The Senate voted today to ban insider trading by members of Congress, their staffs and some federal workers. The bill, which already cleared the House, will now go to President Barack Obama, who probably will sign it.
There are at least two questions about the bill. The first is whether it's even necessary. The second is whether it goes far enough.
Last year, Securities and Exchange Enforcement Director Robert Khuzami testified that Congress and government employees already are subject to insider trading laws. But the bill's backers argued that existing law might not apply to certain activities of members of Congress. Last November "60 Minutes" based a long report on a book, "Throw Them All Out," which claimed to document possible insider trading in Congress. Many of the examples it cited might not have violated current insider trading laws, and certainly they would have been difficult cases to prosecute.
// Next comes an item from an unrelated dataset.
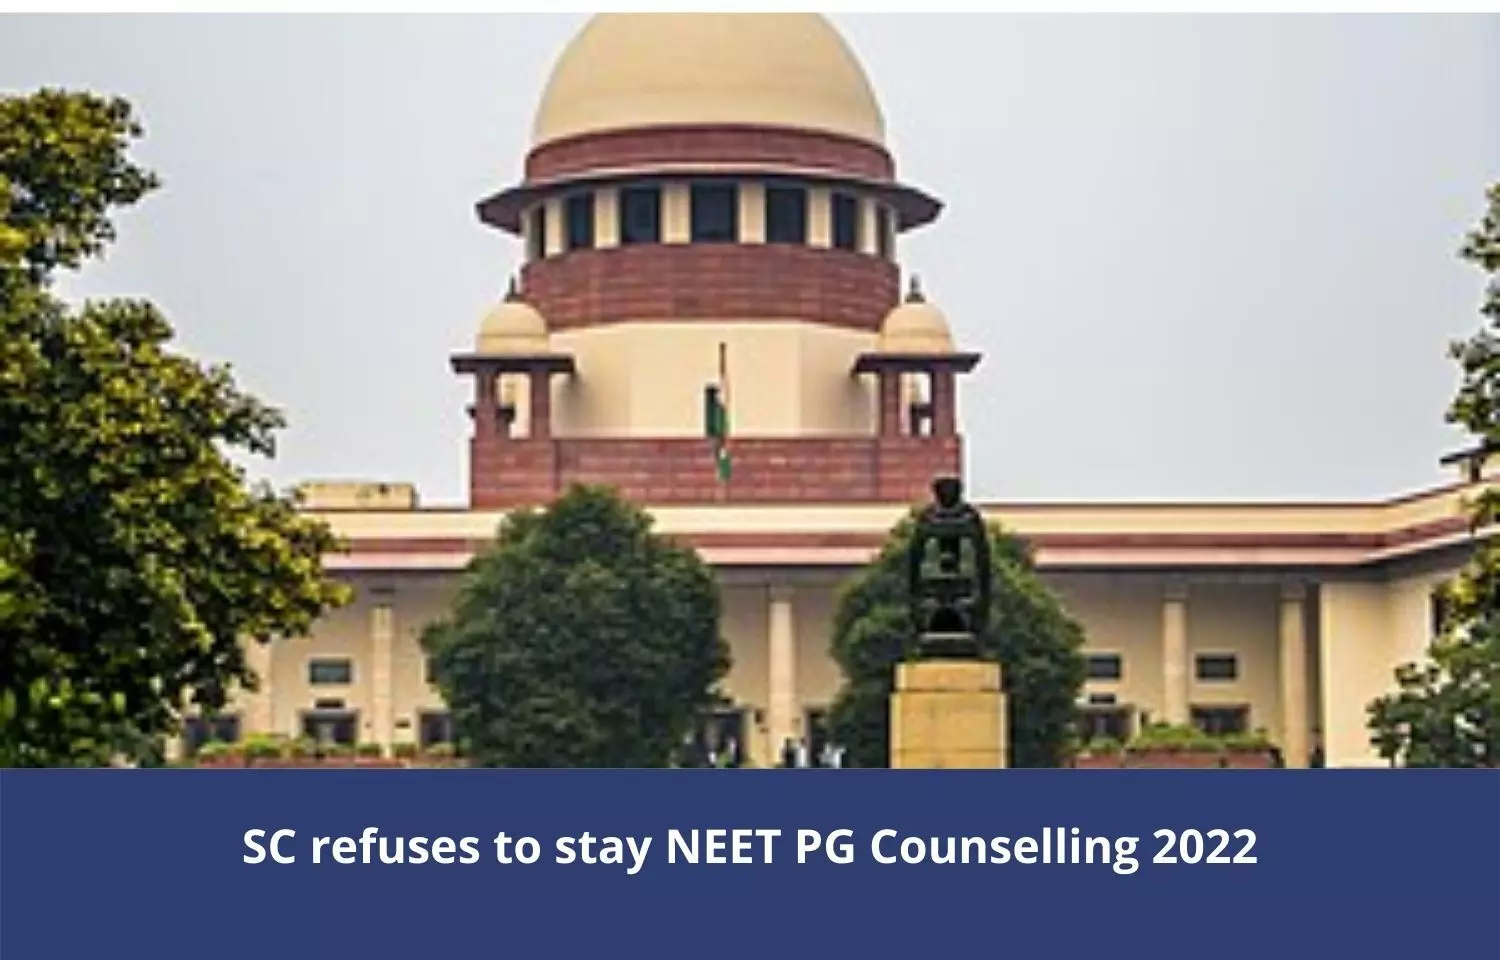 SC refuses to stay NEET PG Counselling 2022

So much for the notion that the law is unnecessary; as we've argued, it is. In fact it could have been stronger.
The version of the bill that passed the Senate is missing a couple of provisions that would have given it a bit more heft. The most important would require more disclosure by so-called political intelligence consultants, hired guns who dig for closely held information to be used to trade stocks. Many work for hedge funds and securities firms, who just happen to be some of the biggest congressional campaign contributors.
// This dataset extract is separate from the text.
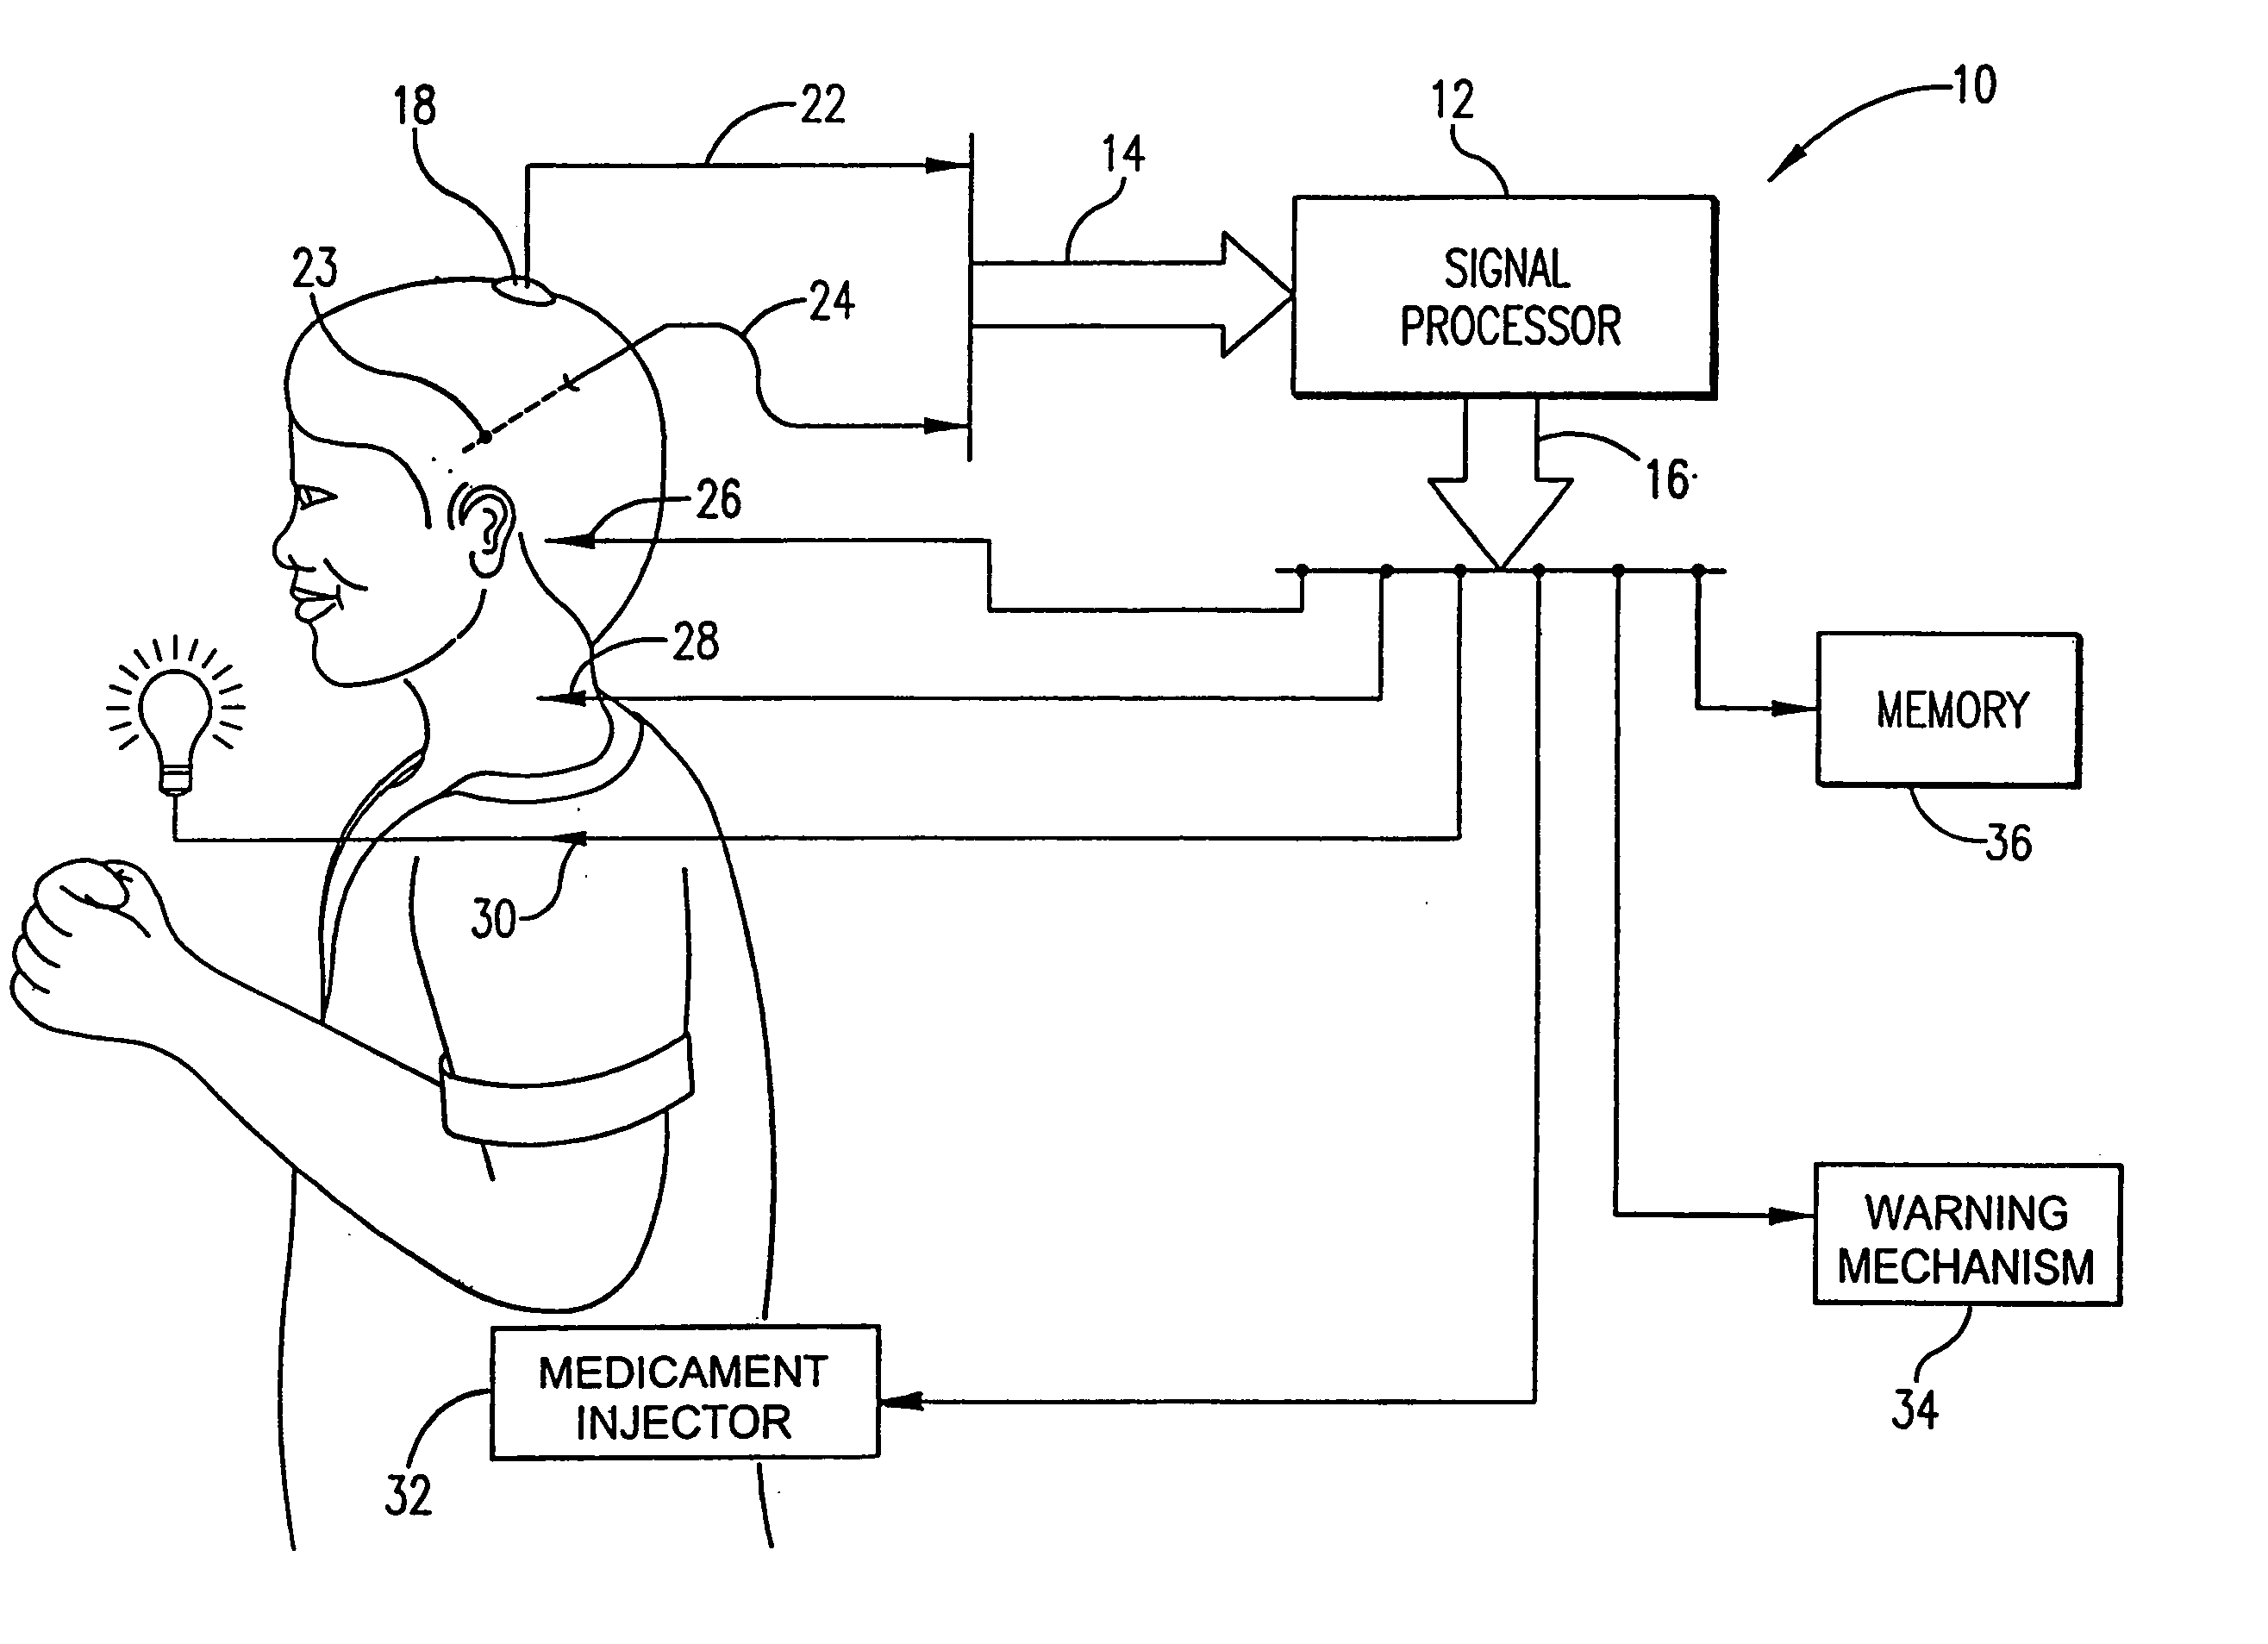 System for the prediction, rapid detection, warning, prevention, or control of changes in activity states in the brain of a subject

Another provision would have given investigators new tools and greater scope to go after embezzlement of public funds, bribery and other types of corruption.
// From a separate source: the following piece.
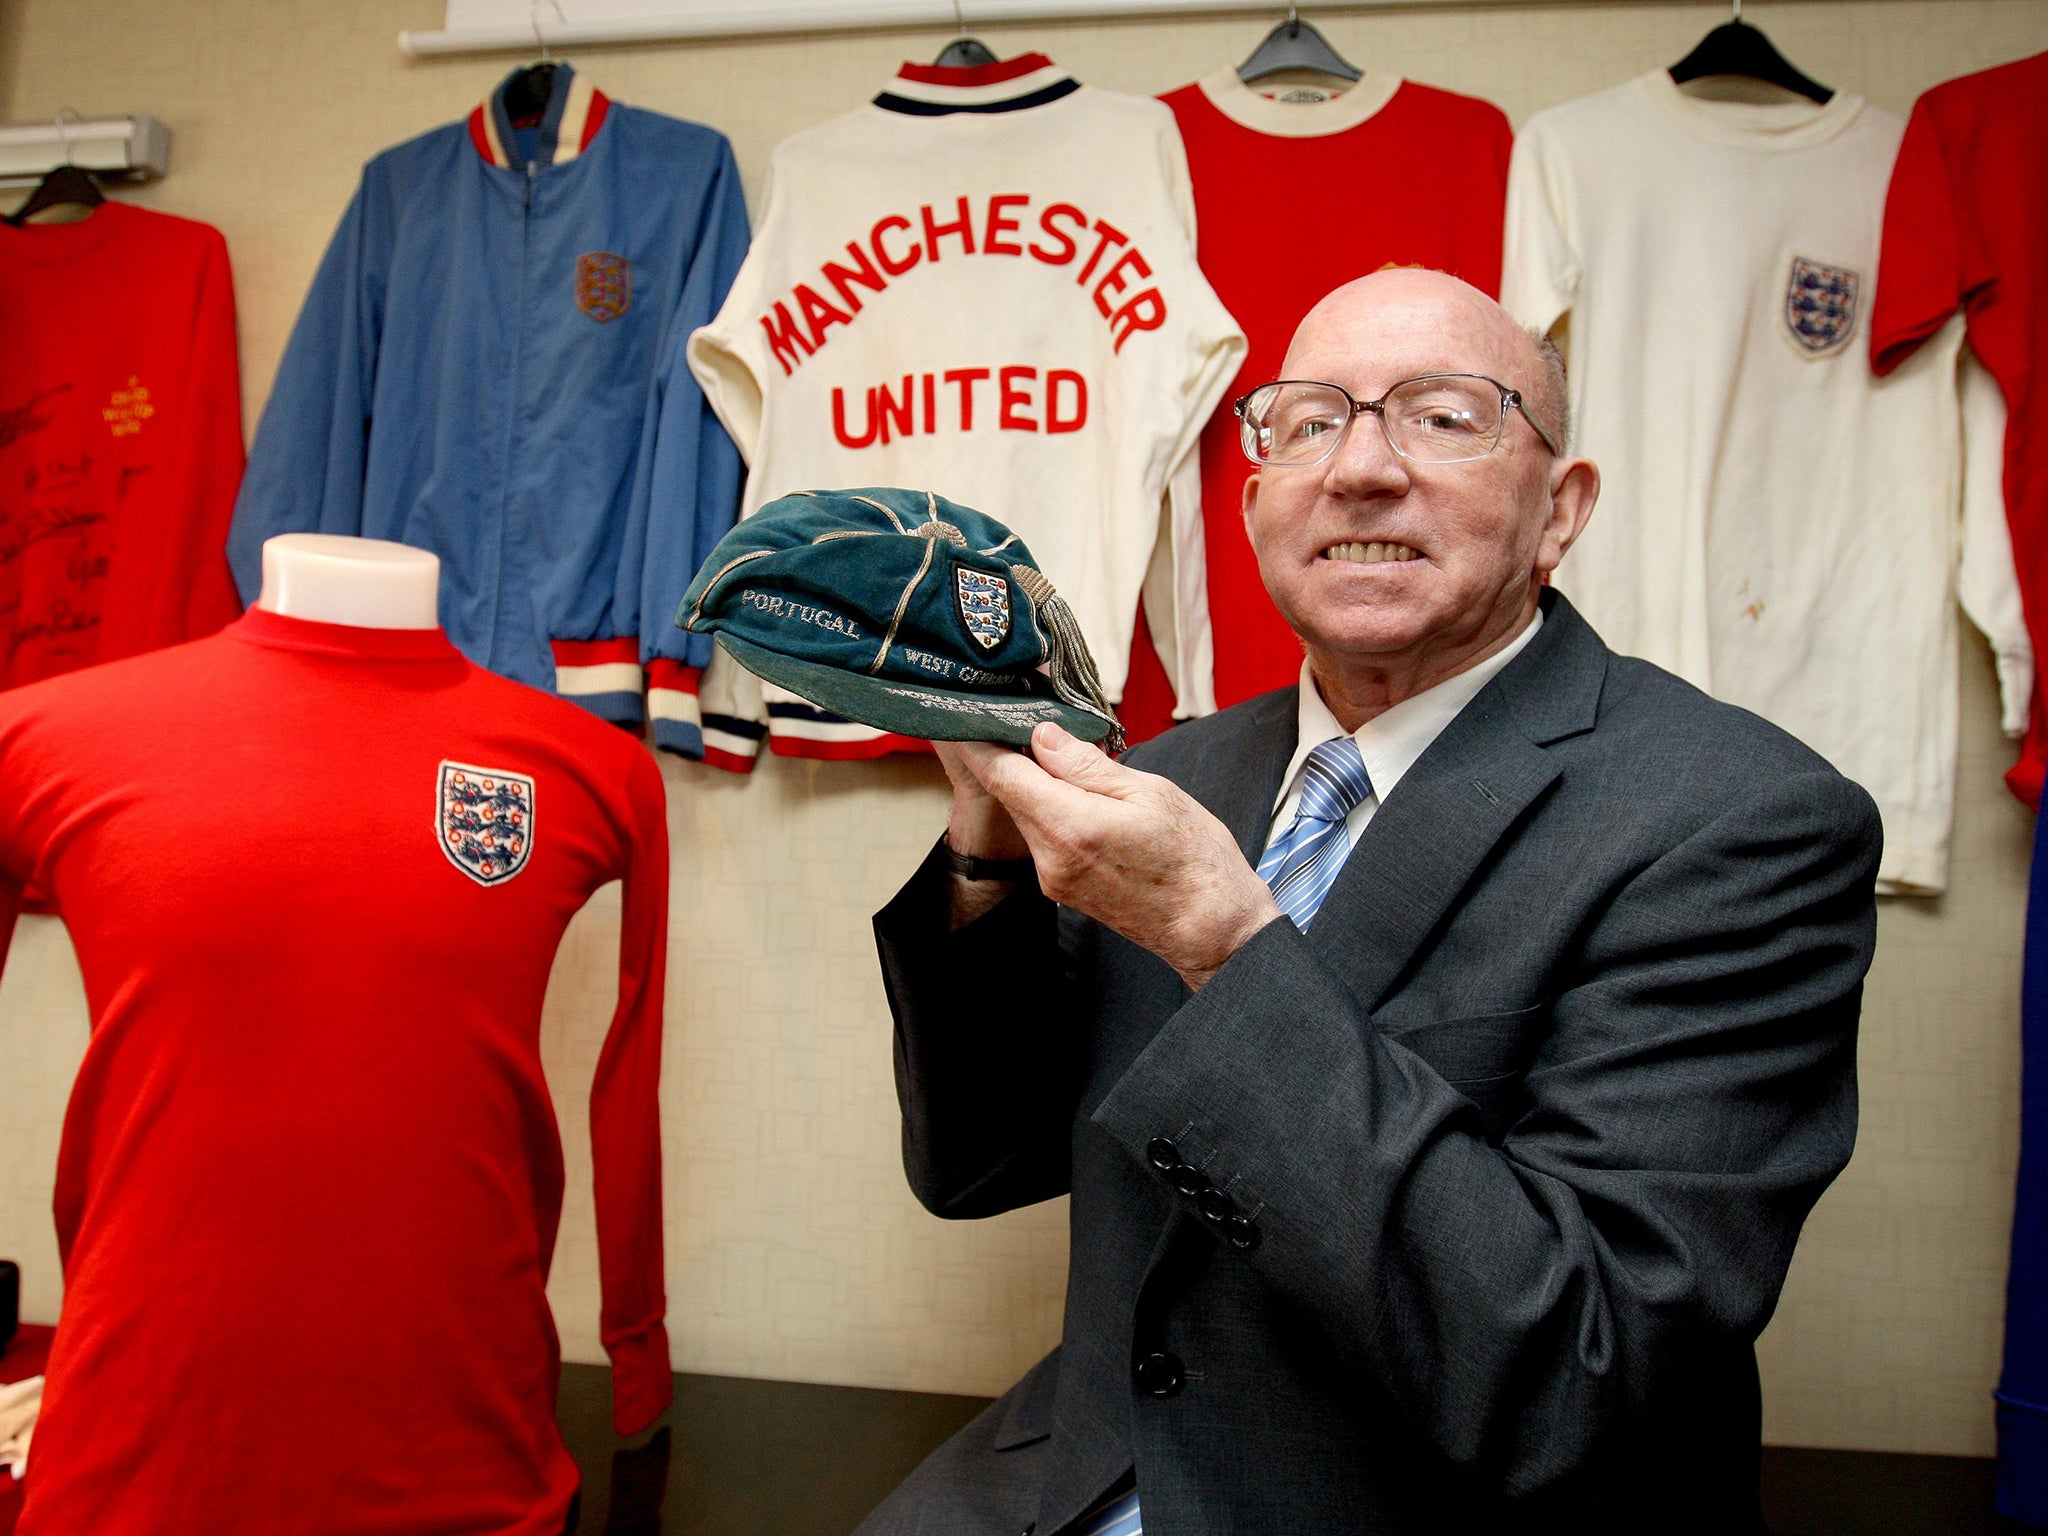 Nobby Stiles suffered dementia due to heading a football, doctors believe

The vote on the Stop Trading on Congressional Knowledge (STOCK) Act, by the way, wasn't even close: 96-3. What's surprising is that three members voted against it. Clear evidence of insider trading by members of Congress is sketchy at best. What's the harm in voting for a law that's unlikely to affect your fellow senators while at the same time shows voters you oppose corruption in Washington?
(James Greiff is a member of Bloomberg View's editorial board.)